Я никогда не была спокойна - Амедео Ла Маттина
Шрифт:
Интервал:
Закладка:
Когда в начале июня Балабанова приезжает в Россию, перед ней открывается целая галактика – революционная галактика, поделенная на тысячу частей. 3 июня в Петрограде открывается Всероссийский съезд Советов. Это «Генеральные штаты революции», где подавляющее большинство социалистов-революционеров и меньшевиков. Большевики насчитывают всего сто пять делегатов. Есть еще Троцкий со своей небольшой группой интернационалистов, число которых не превышает двадцати. Анжелика с трибуны Таврического дворца слушает яростное выступление Ленина против министра почт и телеграфа Церетели, который заявил, что нет ни одной политической партии, способной взять власть в свои руки. «Нет, такая партия существует, – гремит с трибуны Ульянов, – это партия большевиков».

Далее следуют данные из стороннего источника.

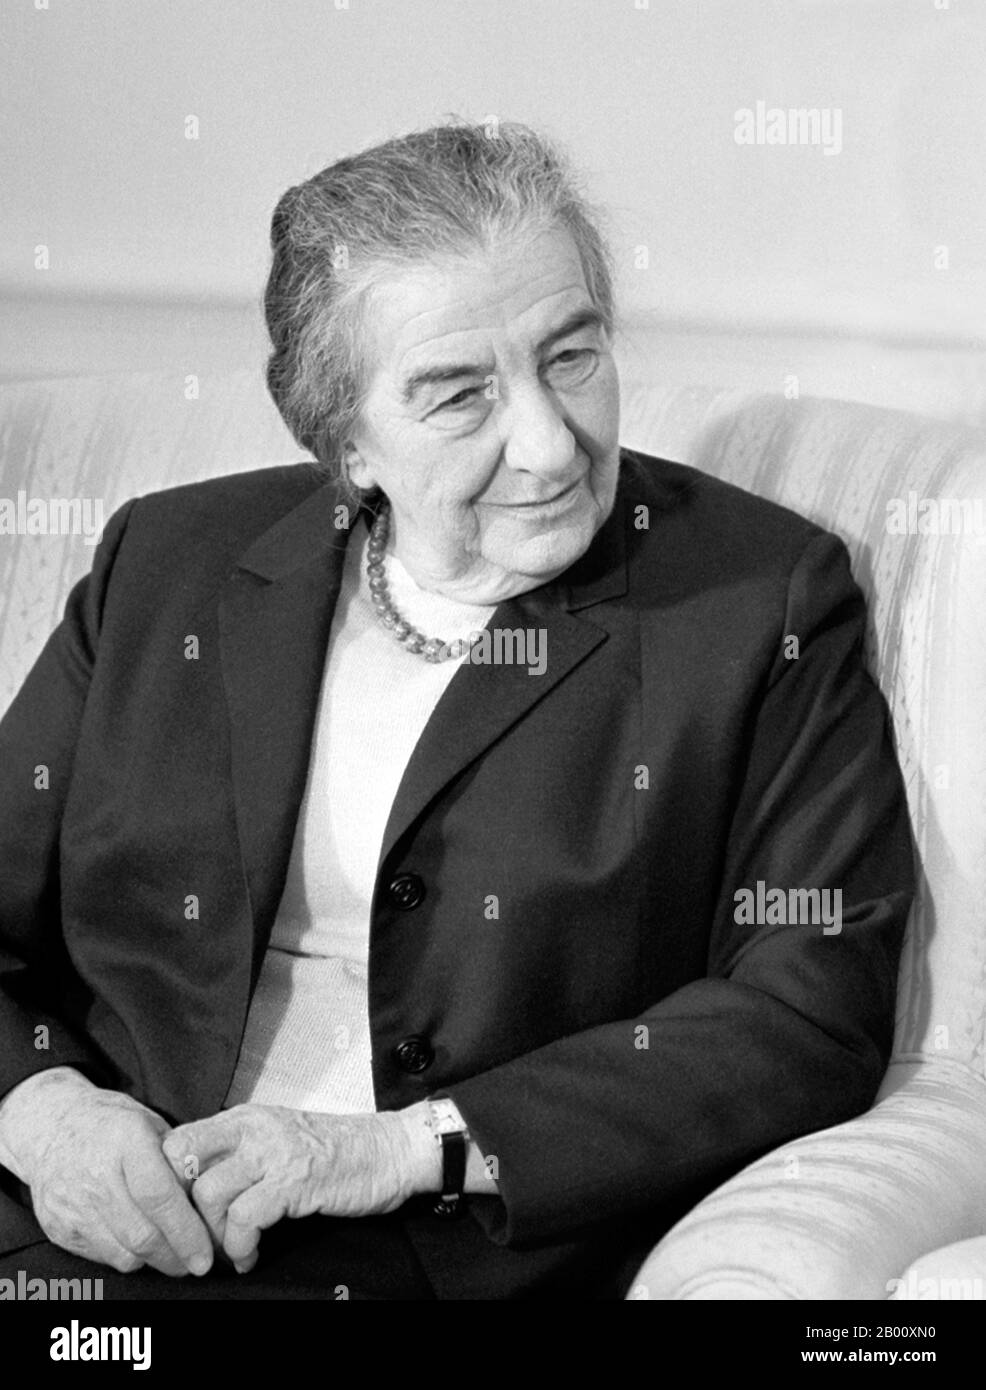 Israel: Golda Meir (1898-1878), fourth Prime Minister of Israel (1969-1974). Photo by Marion S. Trikosko, 1 March 1973.  Golda Meir, 3 May 1898 – 8 December 1978, was the fourth Prime Minister of the State of Israel. Born Ukranian in the former Soviet Union, she migrated to the USA in 1906 and subsequently to historic Palestine in 1921. Meir was elected Prime Minister of Israel on 17 March 1969 after serving as Minister of Labour and Foreign Minister. Israel's first and the world's third woman to hold such an office, she was described as the 'Iron Lady' of Israel. Stock Photo

Вот когда перед всеми предстает во плоти «черный зверь», «чума», беспринципное «чудовище». «Коренастый, лысеющий человек с рыжеватой бородой, одетый просто, но по моде»[346]. Ленин выступает против нового правительства, которое ничем не отличается от предыдущего, он объявляет, что его партия готова взять всю власть в свои руки. Керенский обвиняет его в желании привести страну к анархии и проложить дорогу к диктатуре. Бывший соратник Ленина Богданов[347] кричит: «Это бред, бред сумасшедшего!»[348] Даже большевики и те недоумевают и выглядят подавленными. «Только Коллонтай поддержала его, и он ушел из зала, не воспользовавшись правом реплики»[349]. Однако в зале, судя по аплодисментам, речи Ленина вызывают одобрение. Солдаты воодушевлены тезисами этого большевика, который излучает почти нечеловеческую энергию и предлагает взять в руки оружие и выступить уже не против немцев, а против капиталистов, который призывает к передаче всей власти Советам. Ленин говорит, что социалистам, вместо того чтобы заседать в правительстве вместе с «господами капиталистами», следовало бы их арестовать.

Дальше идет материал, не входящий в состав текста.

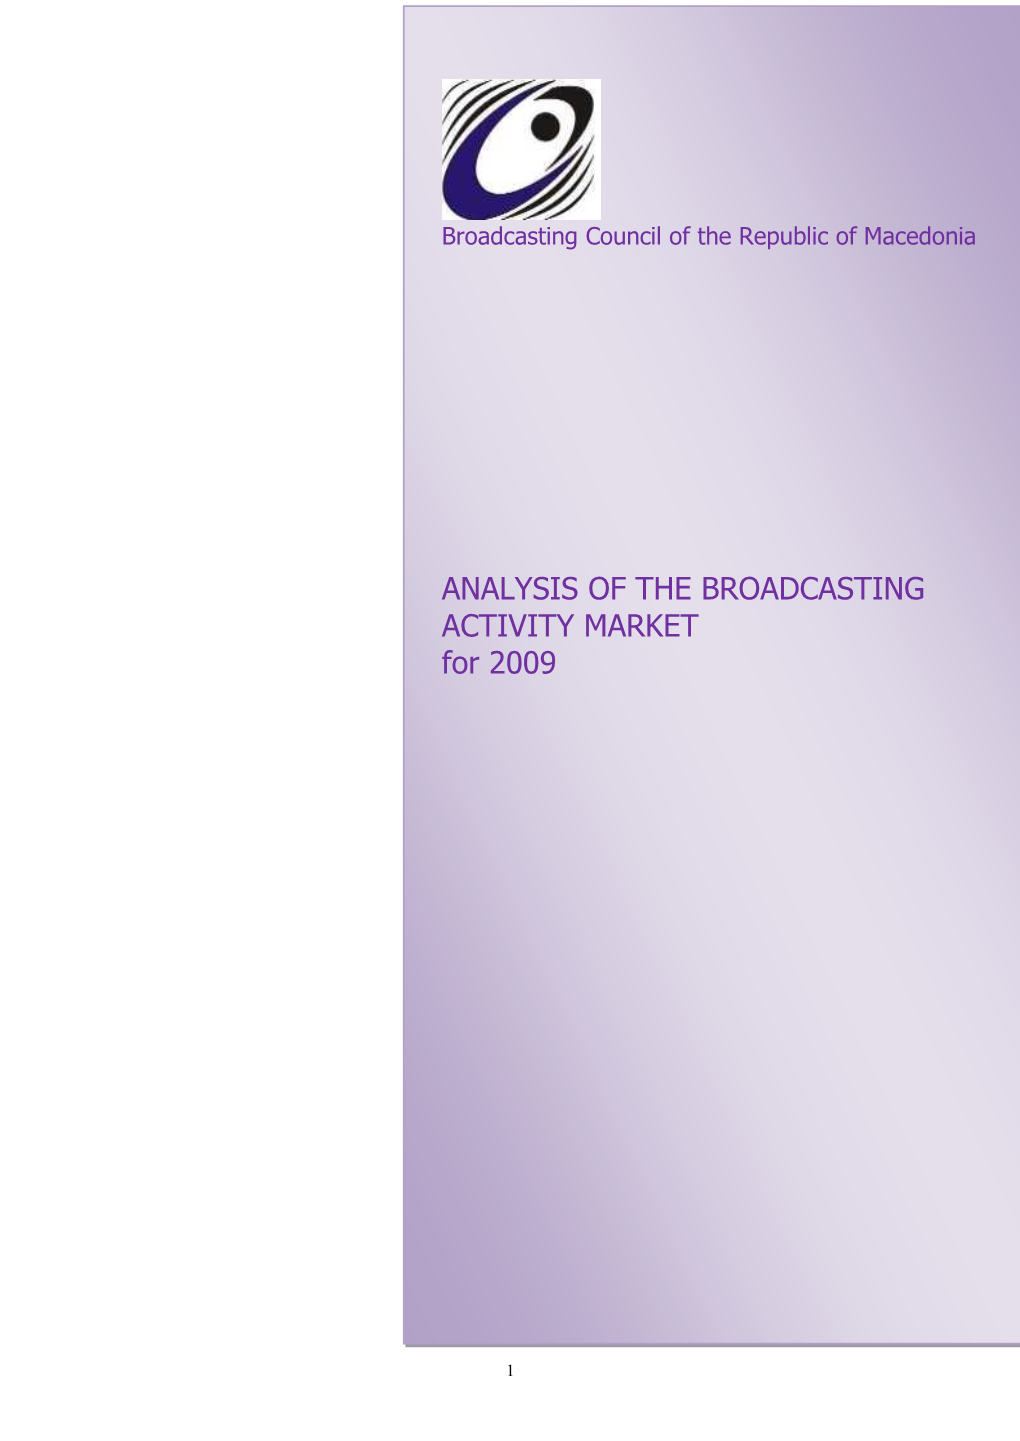 ANALYSIS of the BROADCASTING ACTIVITY MARKET for 2009

Вот уже несколько недель бледный большевик со слегка раскосыми глазами бьется над этими вопросами и думает, как организовать партию: он уже яростно выступал против объединения социал-демократических фракций, обосновывал позиции «циммервальдских левых», выступал за выход из Второго интернационала с целью создания коммунистического. 4 апреля на партийном собрании, посвященном как раз обсуждению объединения с меньшевиками, Ленин объяснил, что пришло время «сменить белье: надо снять грязную рубашку и надеть чистую»[350].
На Всероссийском съезде Советов звучит много оскорблений в его адрес. Некоторые считают его безумным фантазером, а потому при голосовании Ульянов терпит поражение. Именно военная ситуация (кажущаяся безвыходной) и набирающее силу социальное недовольство становятся причиной поражения Ленина. Большевики начинают борьбу с меньшевиками за контроль над фабрично-заводскими комитетами и принимают в коммунистические ряды сотни солдат, расквартированных в Петрограде. Среди них те, кто сыграет важнейшую роль в Октябрьской революции: кронштадтские матросы, которые летом 1917 года приглашают Гримма и Балабанову выступить на одном митинге.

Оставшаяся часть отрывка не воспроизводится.